Было часов пять утра. Их класс уже вернулся из заплыва до Ладоги и обратно. По дороге на теплоходике была станцована сотня медляков, выпито из пластмассовых стаканчиков море «отвертки». Все эмоции были растрачены. Все общие воспоминания перебраны. Выжатые как лимоны и даже, кажется, постаревшие за эту безумную ночь, все они, наконец, распрощались друг с другом, обнимаясь и целуясь на манер американских тинейджерских сериалов. И только самые неразлучные все еще никак не хотели расходиться.
Теперь все они умещались на скамейке, сокрытой от посторонних глаз густыми кустами. Да никаких посторонних глаз вроде бы и не было. И как это только им пришла в голову такая чудесная мысль – забраться в закрытый на ночь Летний сад?
Скамейка была использована максимально практично. Сидели и на спинке, и внизу.
Пономарев втиснулся между ребятами и усадил себе на колени Кристину.
– А я уеду. Послезавтра. Завтра спать буду весь день. Ни за что не останусь в городе. Что лето-то пропускать? Год впереди тяжелый. Буду на даче готовиться. Утречком часиков в шесть буду вставать. Сначала в озере купаться. Потом бегать в лесу. А потом уже – заниматься. Я пока к этим, к школьным, экзаменам готовилась, на два килограмма потолстела. И окно не открыть – такое душилово на Московском. Кошмар.

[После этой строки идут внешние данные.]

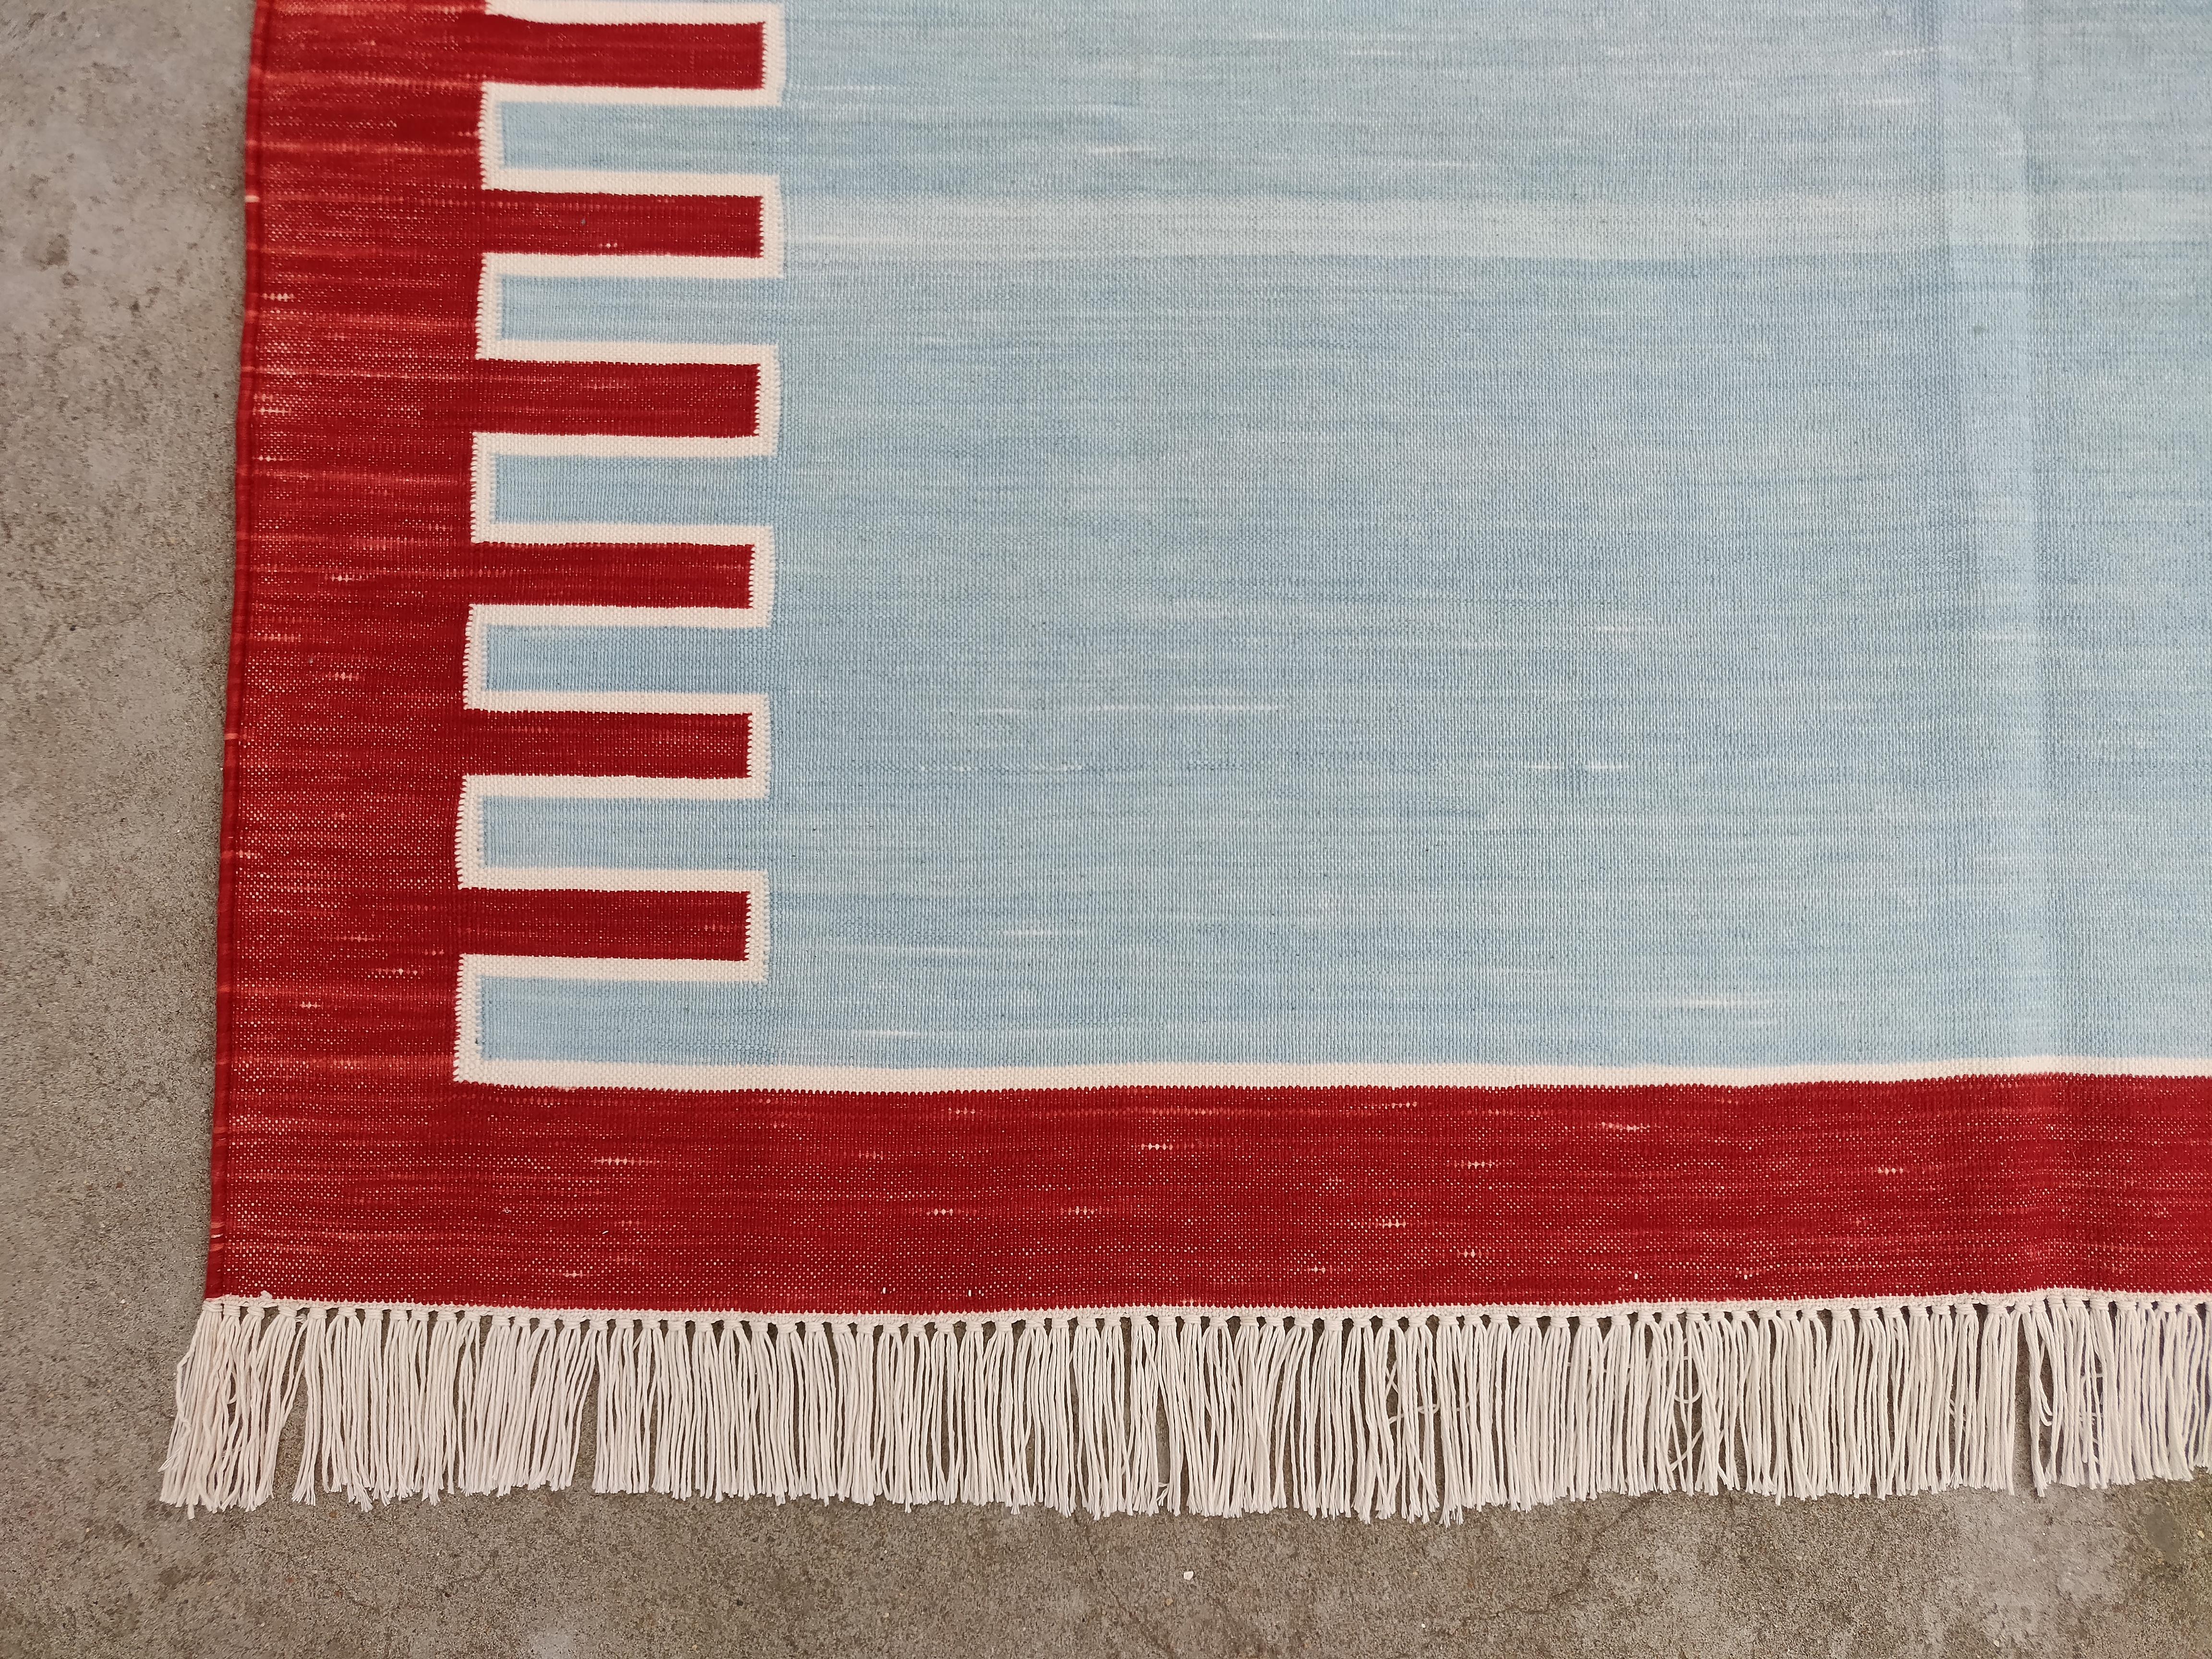 Contemporary Handmade Cotton Area Flat Weave Rug, 4x6 Sky Blue And Red Striped Indian Dhurrie For Sale

– А у меня хорошо. Перед окнами сирень. Трава по пояс. Первый этаж. Если руки домиком сделать, то кажется, что на даче.
– А руки-то зачем домиком делать. Крыша, что ли?

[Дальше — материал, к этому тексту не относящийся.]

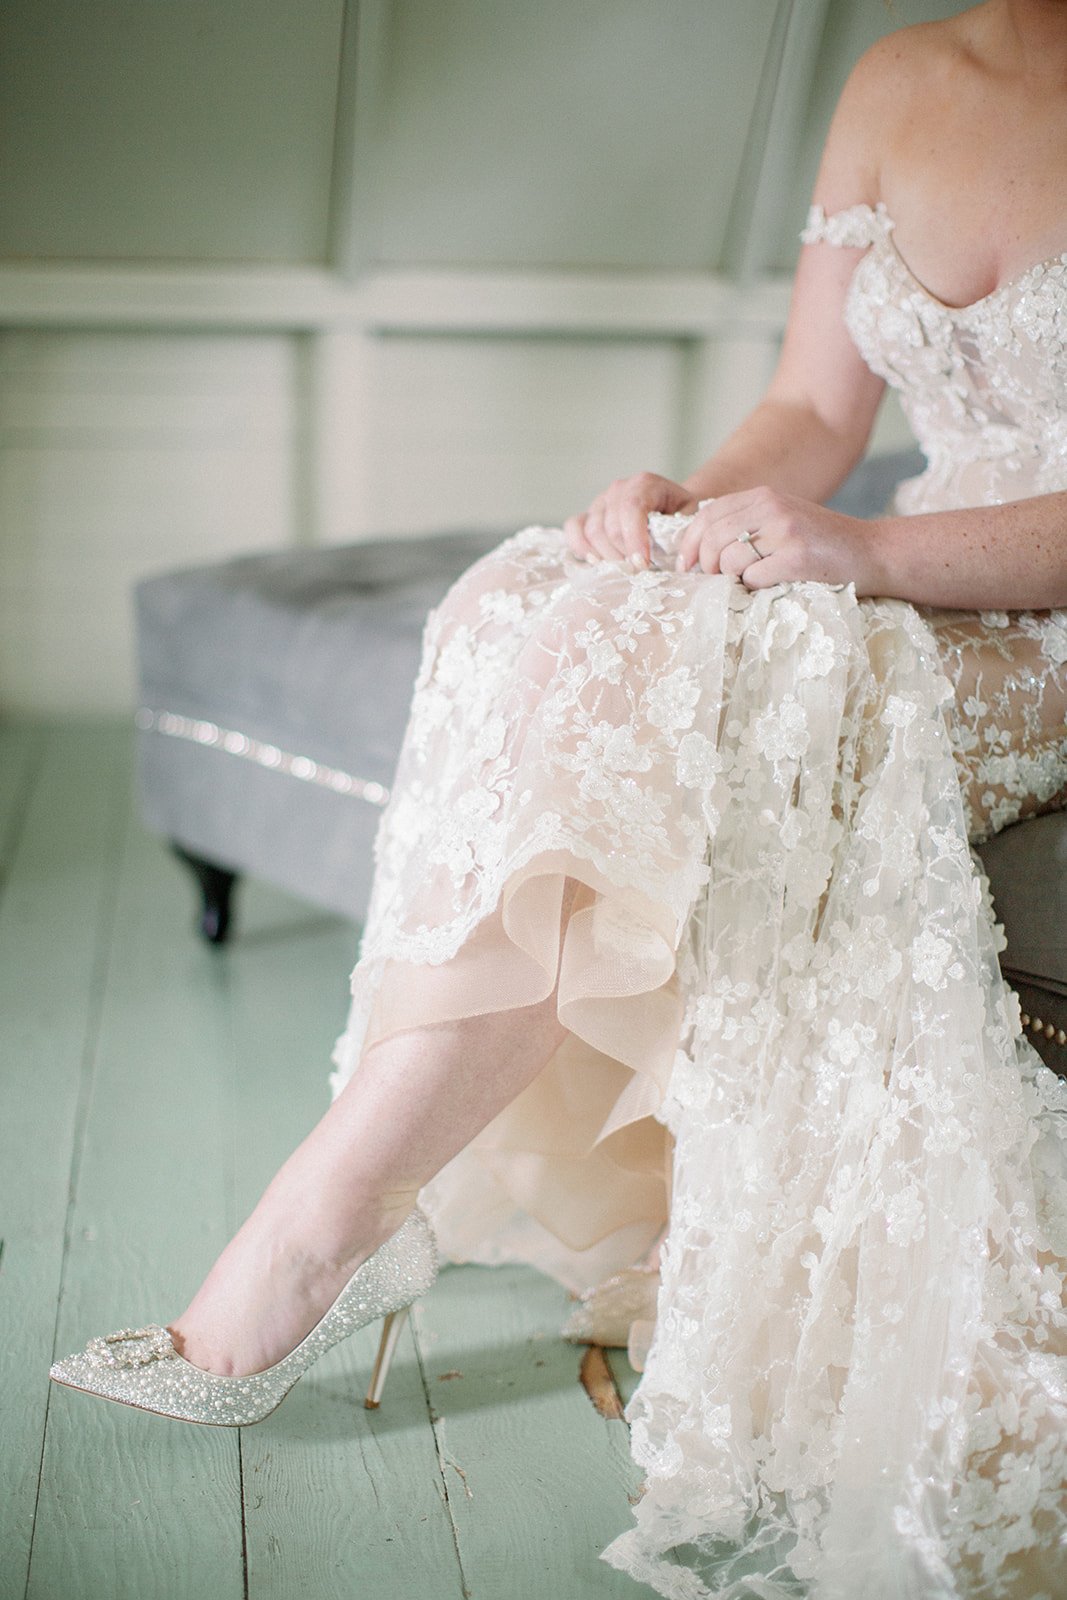 Jimmy Choo sparkle wedding shoes with lace gown

– Да нет. Просто чтоб дома вокруг не видны были.
– А ты куда будешь поступать?
– В медицинский.
– Да ну... Гадость какая. И платят мало.
– Да почему гадость-то? Небось, сам когда болеешь, врачей вызываешь, а не электриков.
– А я, блин, все думаю, что это за маршрутка такая по городу ездит – «ноль-три»? Никак маршрут не просчитать. То там, то здесь.
– Я на «скорой» не хочу. Собачья работа. Я на третьем курсе специализацию возьму. Пластическим хирургом стану.
– К тому времени все мы хорошенько поистаскаемся. И все к тебе придем делать подтяжку,– оптимистично сказал Пономарев, придирчиво оглядывая Кристину.– Некоторым, кстати, я бы уже рекомендовал.
– Тебе, Пономарев, как убогому, все сделают первому и бесплатно,– сказала Саня.– На твоей морде Оля как раз руку и набьет. Будешь служить науке.
– Нет, Саня,– серьезно ответила Кристина.– Я против экспериментов на животных.